What you return should be only the lines in the entries below between the one holding "Singapore SMRT TransitLink" and the one holding "Sally Beauty - Aylesbury, Buckinghamshire", ends included, with every picture left out.

Input data »
########################################
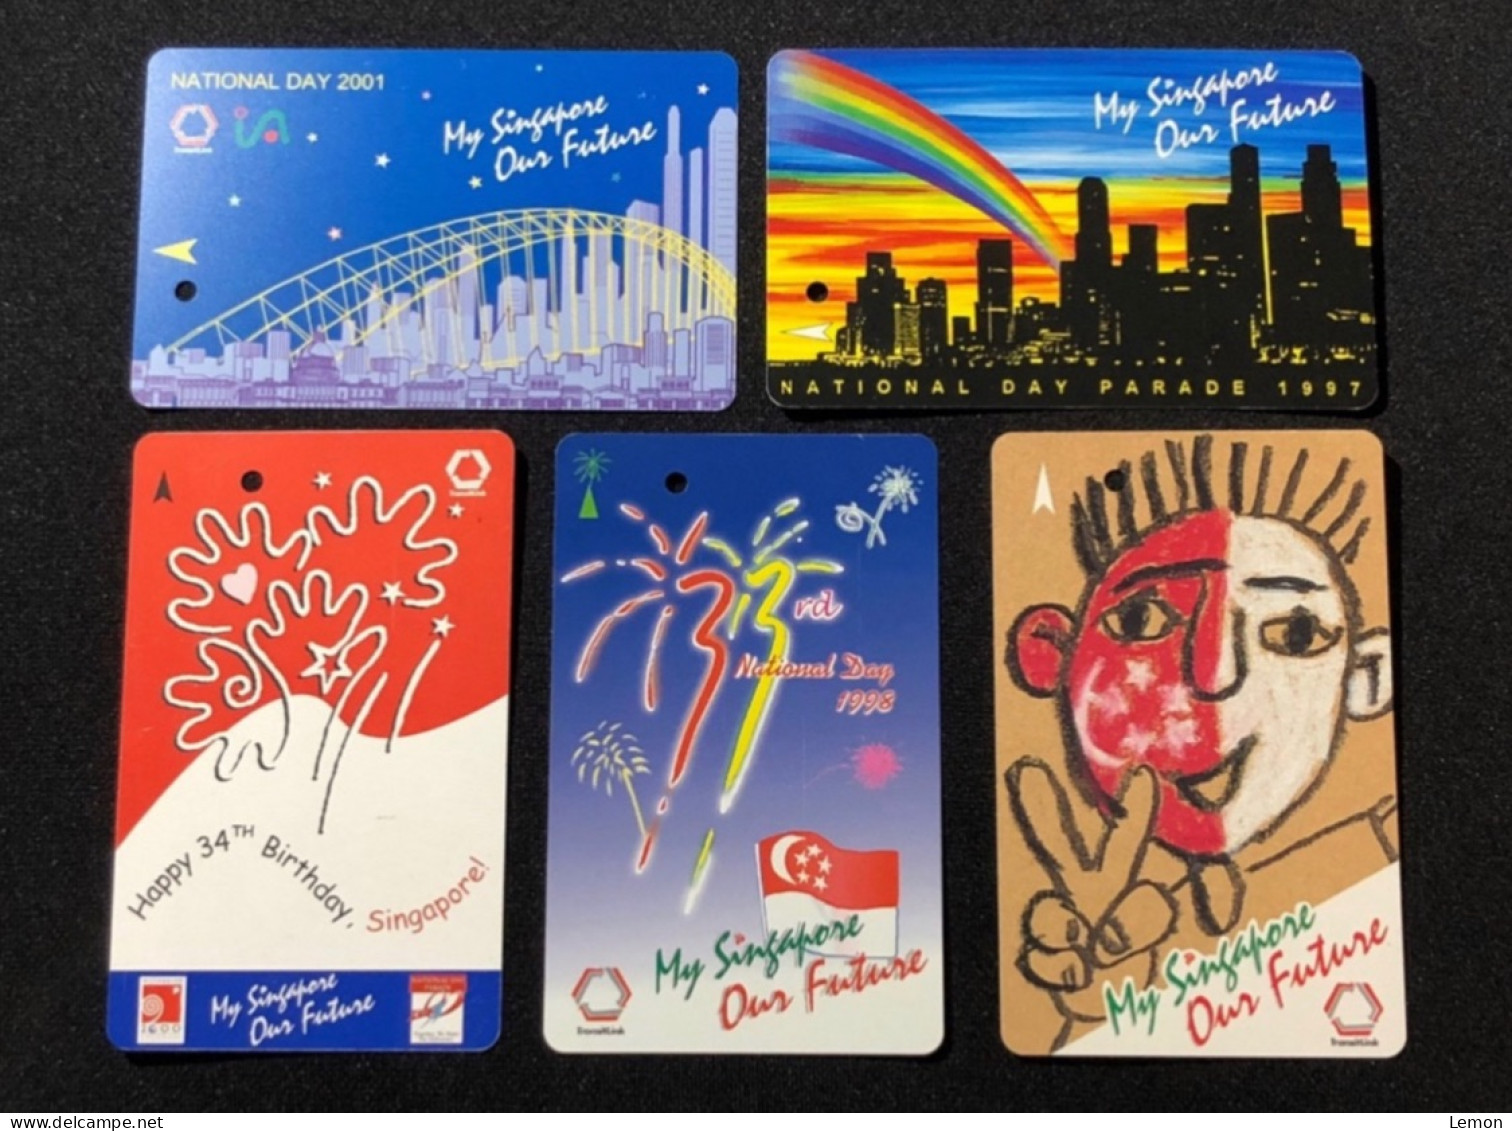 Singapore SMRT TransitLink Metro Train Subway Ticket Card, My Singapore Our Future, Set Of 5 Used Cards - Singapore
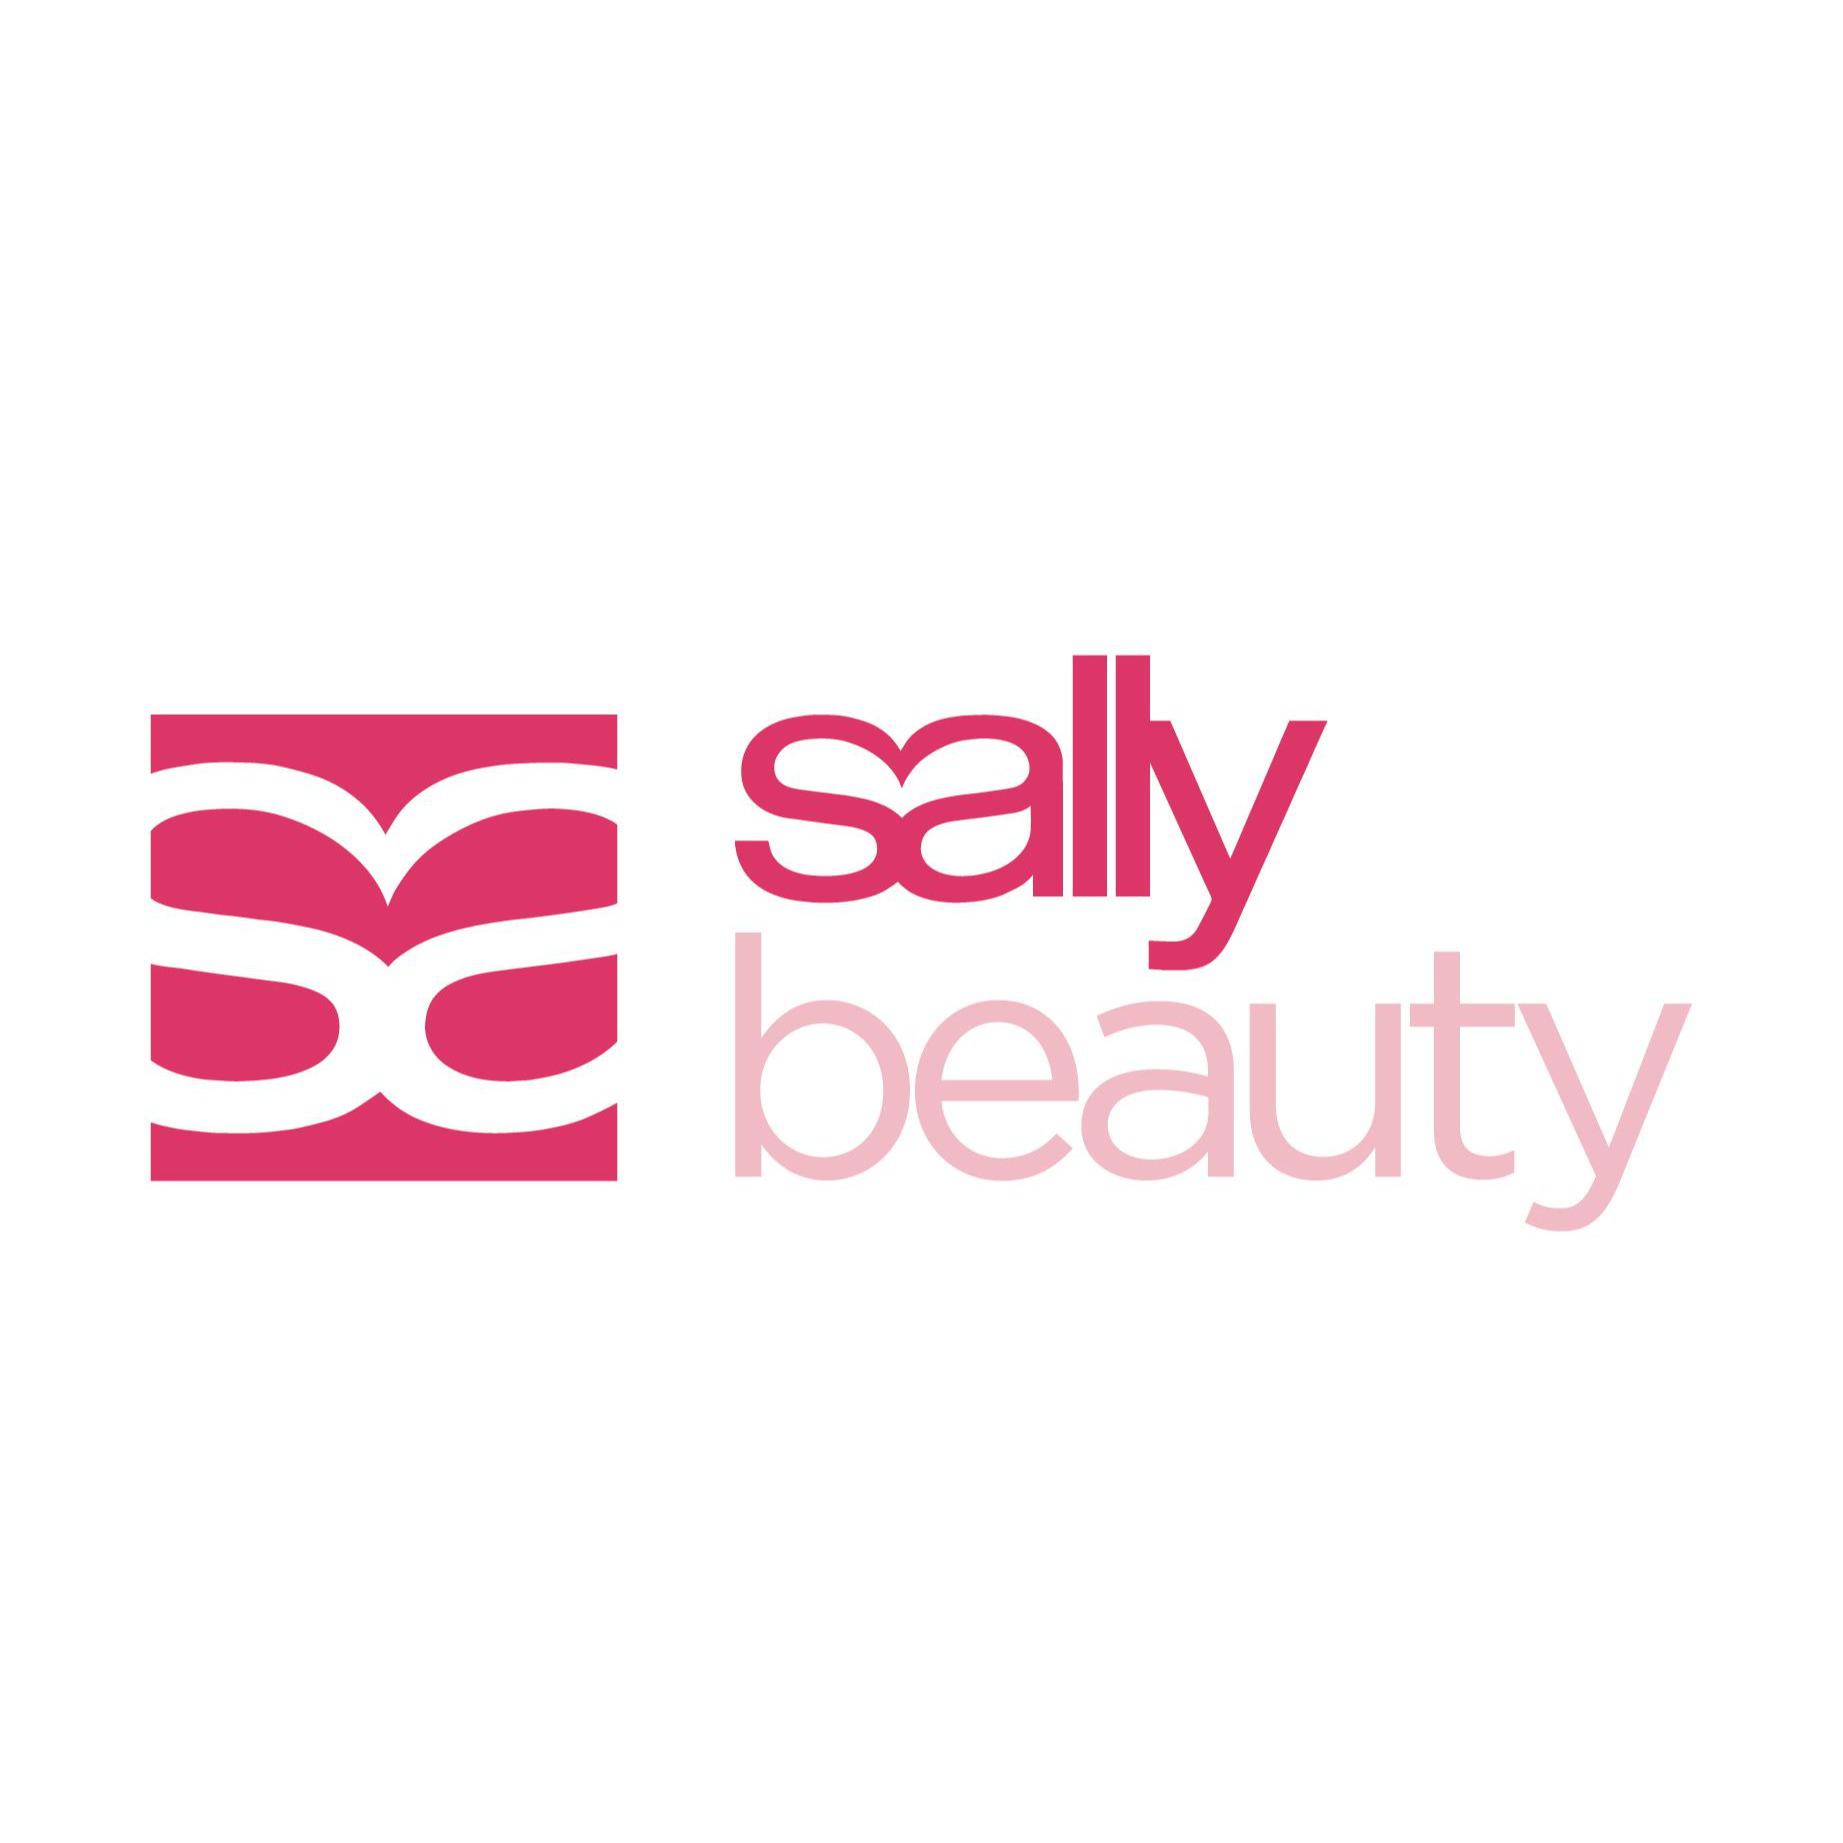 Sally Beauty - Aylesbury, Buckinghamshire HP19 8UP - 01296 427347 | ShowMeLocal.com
########################################
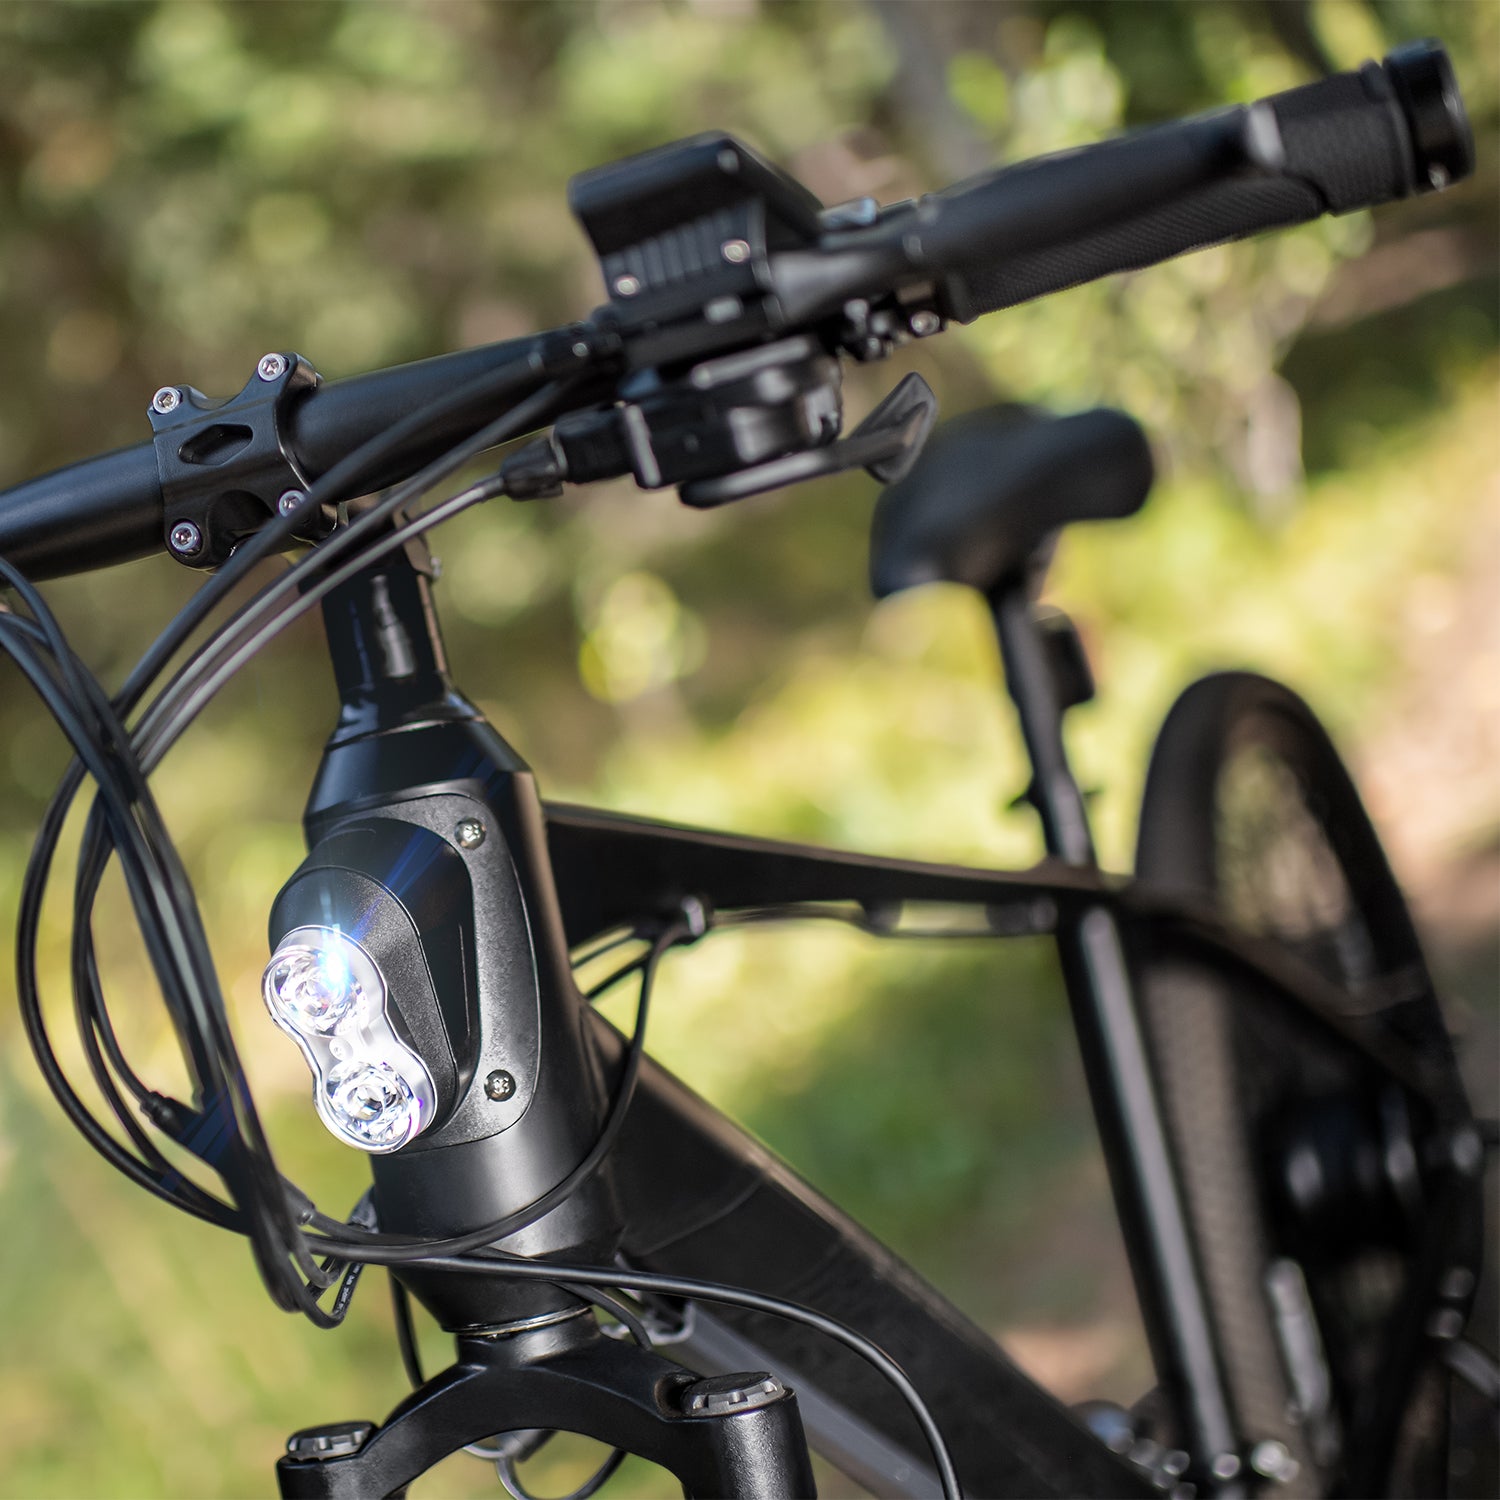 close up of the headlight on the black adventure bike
########################################
Written solution »
 Singapore SMRT TransitLink Metro Train Subway Ticket Card, My Singapore Our Future, Set Of 5 Used Cards - Singapore
 Sally Beauty - Aylesbury, Buckinghamshire HP19 8UP - 01296 427347 | ShowMeLocal.com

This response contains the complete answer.